With all the hype surrounding bitcoin, it’s important to have an understanding of what happens behind the scenes and to do a comprehensive BitCoin Code review of the blockchain.
The blockchain is a very large shared list of addresses with their bitcoin balances. Not only is it very large but it is also shared. Every new block on the blockchain represents an update to the list showing how the account balances stand after mining has occurred or after a transaction has occurred where there has been the exchange of bitcoins. Whenever a transaction is submitted to the network, the information is passed on to all the nodes in the network simultaneously throughout the network.
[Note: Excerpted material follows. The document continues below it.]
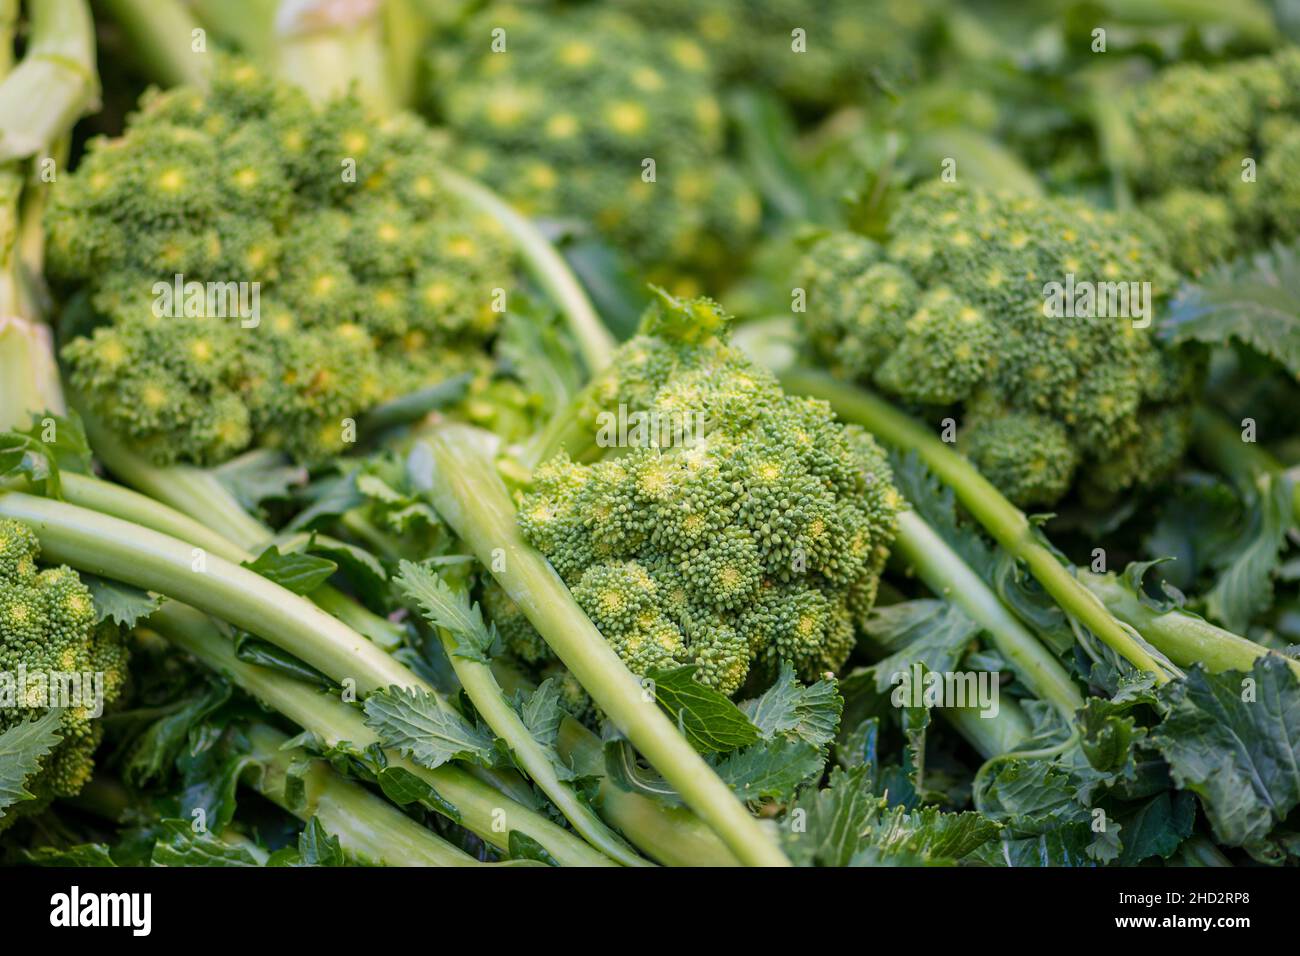 Cime di rapa, rapini o broccoli di rabbia in un mercato alimentare di strada, verdure croceferiche verdi, verdure, cucina mediterranea, Puglia, Italia Foto Stock

The blockchain is designed to make one thing extremely difficult, and that is the crux of its security: double spending. While there have been a few breaches in the infancy of bitcoin, they do not occur anymore and hacking into this system to make double spending possible would be extremely difficult. That is why the blockchain acts as a kind of public ledger of economic transactions.
What Is Recorded in Each Block?
The blockchain is so called because it is a chain of blocks. The blocks are ordered chronologically, and each block contains two important components.
The very first component is the header element that gives information about the location and pertinent data of the transactions contained within that block. Each block contains a hash that points to the preceding block, for example. The genesis block has no hash because it was the very first block and had no predecessor.
The sequences of transactions inside the block are displayed using a special data structure in computer science known as a Merkle tree. There is also another hash contained within the block that displays the timestamp of the block. Each block also contains a nonce, which is the number of miners needed to solve, and a difficulty level.
The second part of the block contains the identifier information and is a security measure. It is another cryptographic hash function and is creating by hashing the elements contained in the header twice over.
The Principle of Anonymity
Perhaps one of the most alluring benefits of bitcoin and the blockchain network is the anonymity it offers. When you deal with a currency or network that is centralized, thereby relying on some kind of authority to verify and secure transactions, then you can never really be anonymous. Sure, the authority may claim that your information is safe with them and that they maintain the highest standards of confidentiality. However, of that authority is the government, then you can never trust them because they can always reveal your identity for a variety of reasons, such as when you’re under investigation. If that authority is some kind of institution, then they can potentially be hacked, and the information they hold can be stolen, which means you can still never trust them.
With bitcoin, your transactions are tied to an address on the blockchain network, rather than a name, phone number or email address. Every transaction is public; therefore, any breach of identity could potentially reveal everyone else’s identity. However, it is still far more anonymous than any other financial system.